To: julian@whistle.com (Julian Elischer)
Date: Wed, 13 Aug 1997 12:04:39 +0930 (CST)
Cc: msmith@atrad.adelaide.edu.au, julian@FreeBSD.ORG, hackers@FreeBSD.ORG
X-Mailer: ELM [version 2.4ME+ PL28 (25)]
MIME-Version: 1.0
Content-Type: text/plain; charset=US-ASCII
Content-Transfer-Encoding: 7bit
Sender: owner-freebsd-hackers@FreeBSD.ORG
X-Loop: FreeBSD.org
Precedence: bulk

Julian Elischer stands accused of saying:
> Michael Smith wrote:
> > 
> > Julian Elischer stands accused of saying:
> > >
> > > We have several hundred Bsd machines here.. we see this one enough for
> > > me to recognise it..
> > >
> > > the plot thickens..
> > > I have discovered the following:
> > > 1/ the code that crashes:
> > >   scanning the queues in swithc:
> > 
> > This looks a lot like the sort of crazy stuff I was seeing when I was
> > doing Verboten things inside a 'fast' ISA interrupt handler.  Do you have
> > RI_FAST set for any of your drivers, particularly ones that you've written
> > yourself?
> > 
> > You could try ripping RI_FAST out ouf _all_ of the handlers you're using
> > to start with and see if this cures things.
> > 
> > > code examinations will follow with more info..
> > > if this strikes anyone as familiar, do chime in!
> > 
> > Frighteningly.  It took us the best part of a year just to get a stack
> > trace that actually hinted at the problem.
> > 
> > > julian
> 
> this particular machine has no interupt handlers that were not 
> part of standard FreeBSD..
> 
> ed0 and ed1 networks,
> wd0 disk
> sio0 and sio1
> 
> how do I SET RI_FAST? :)
> (does that answer your question?)

You mask it into the id_ri_flags field of the isa_device structure.
Currently only the 'cy' and 'sio' drivers use it.  You could try
removing it from the 'sio' driver and see if it helps, but I expect
that Bruce would insist that this is not the case.

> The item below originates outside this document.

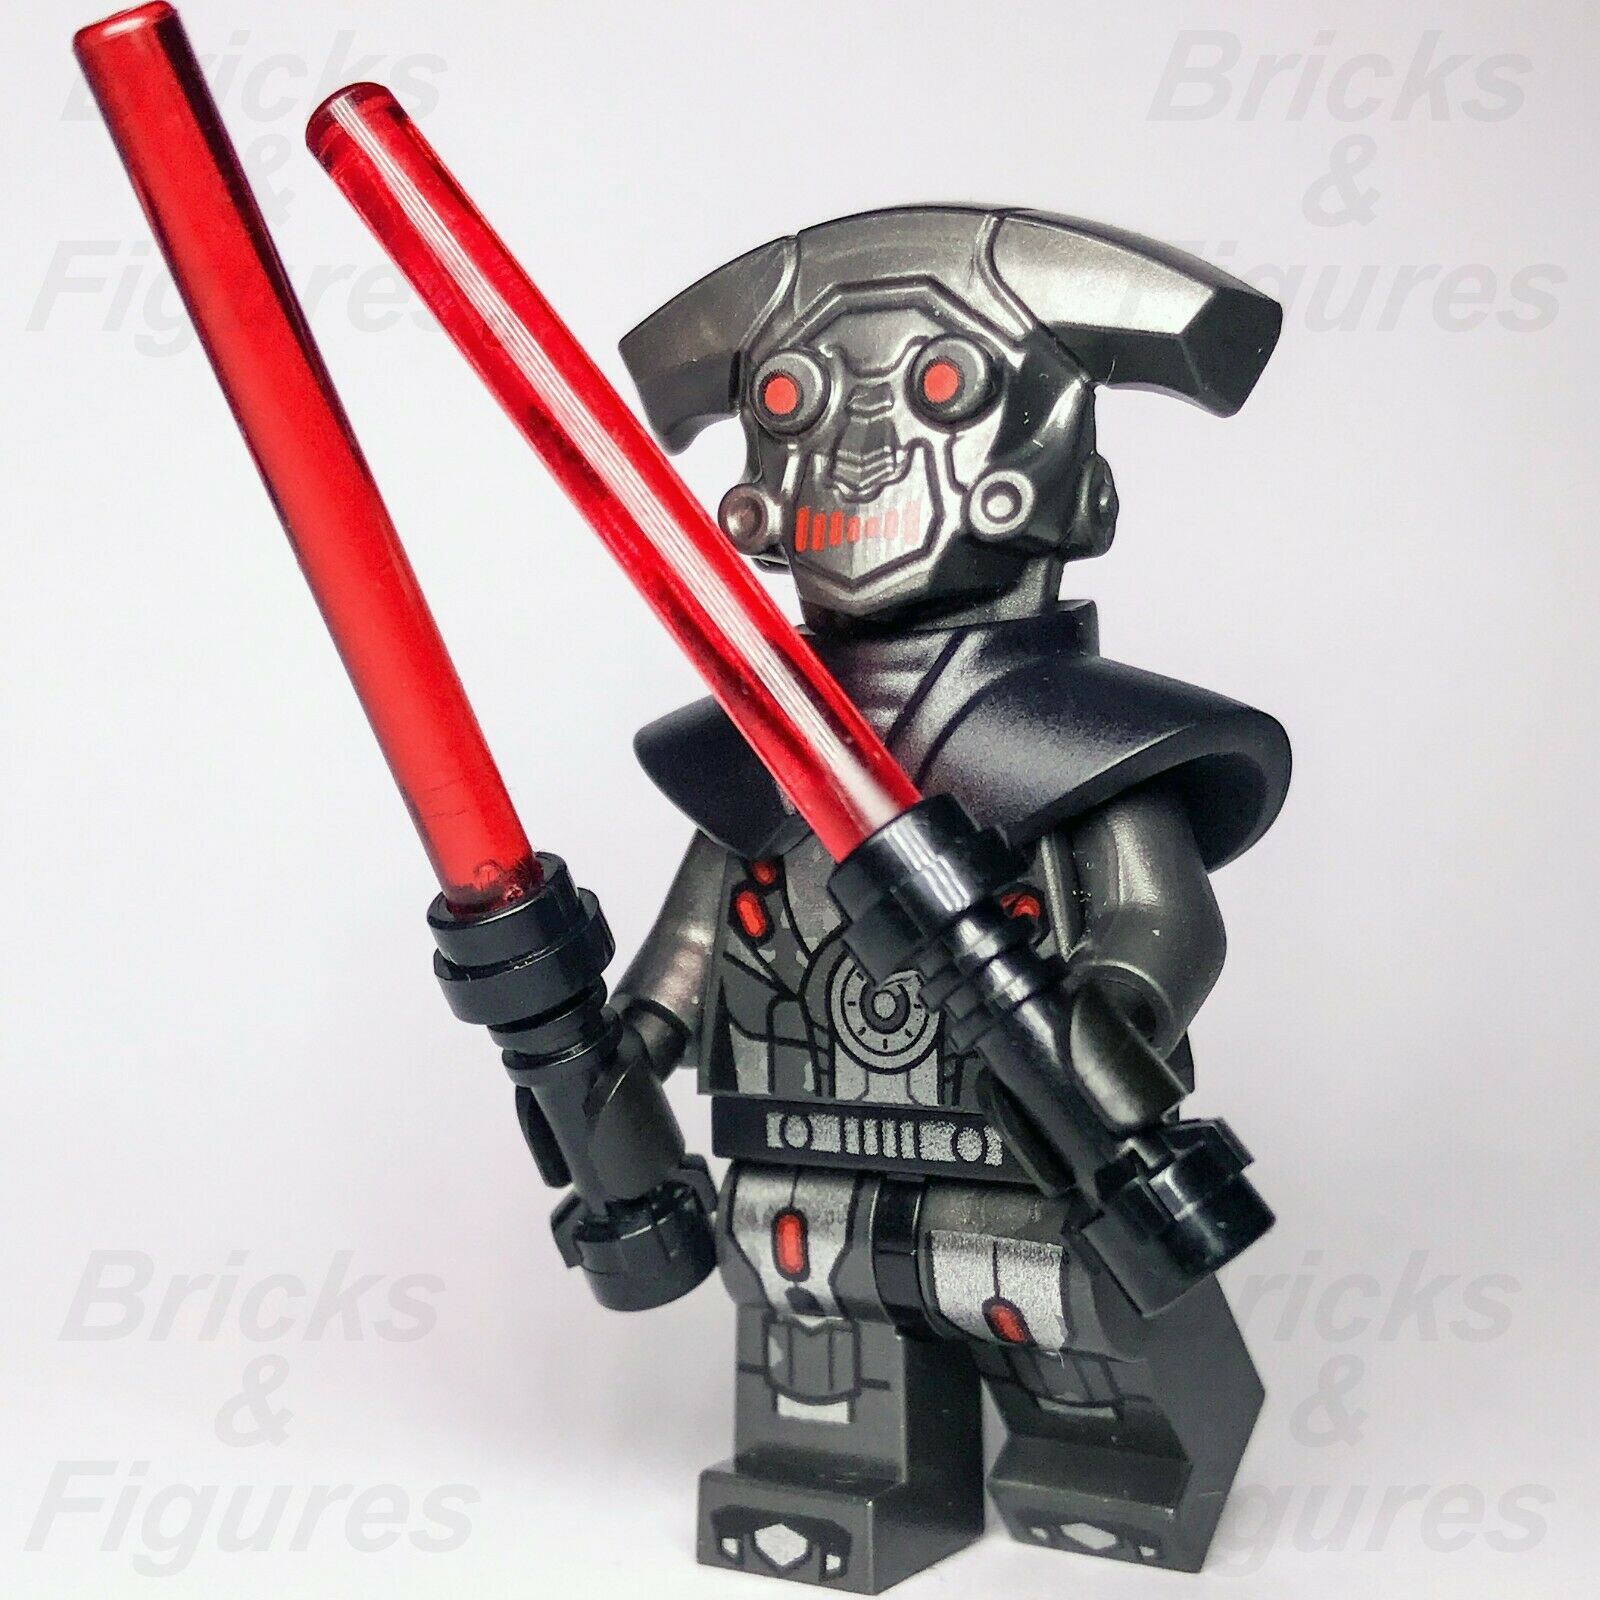 New Star Wars LEGO M-OC Hunter Droid The Freemaker Adventures Minifigure 75185 - Bricks & Figures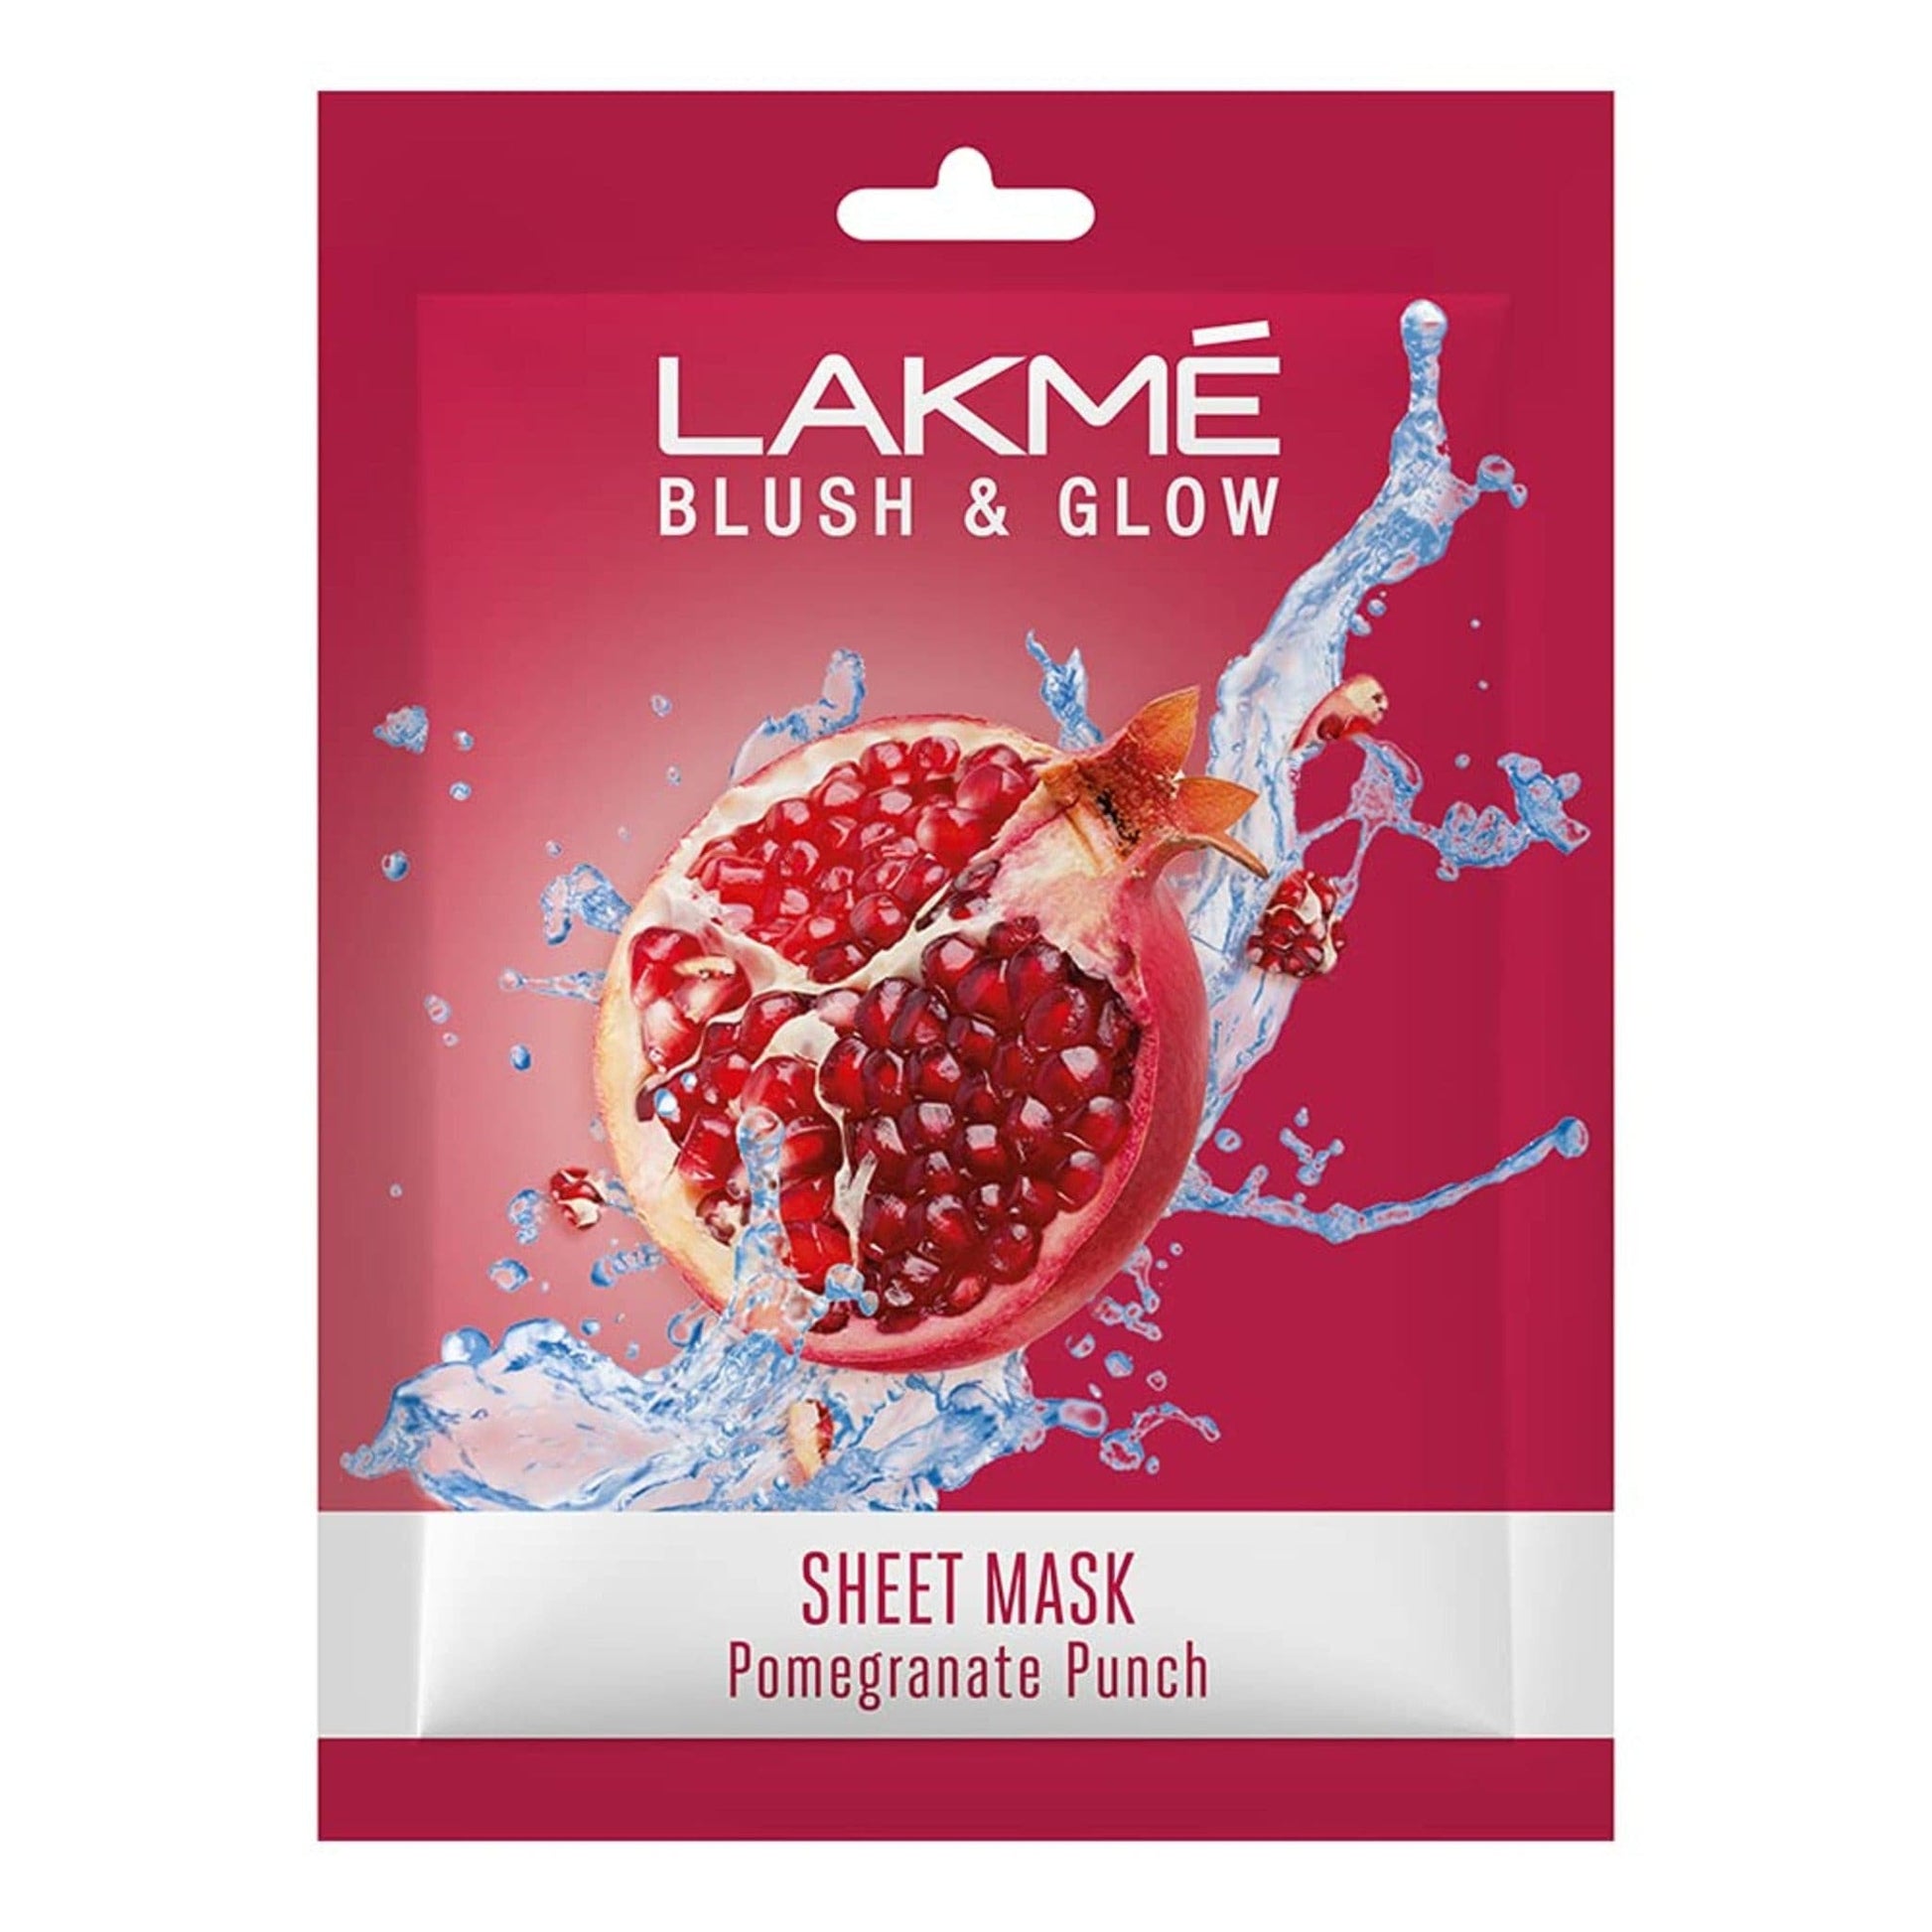 Lakme Blush & Glow Pomegranate Sheet Mask.

> actually it looks like some sort of SPL problem to me but as I said,
> there is very little
> that is non standard on this machine..

The RI_FAST problem _is_ an spl problem, in that a fast interrupt
handler does not honour any spl() protection.

> the fact that the process got put on the a sleep queue while it was
> on the runnable queue. suggests that maybe an interrupt driver
> ran 'tsleep' while curproc had the value of this process in it..

You get this sort of confusion if you futz with *sleep/wakeup inside a
fast interrupt handler because you can end up re-entering the code
that shuffles processess from one queue to another.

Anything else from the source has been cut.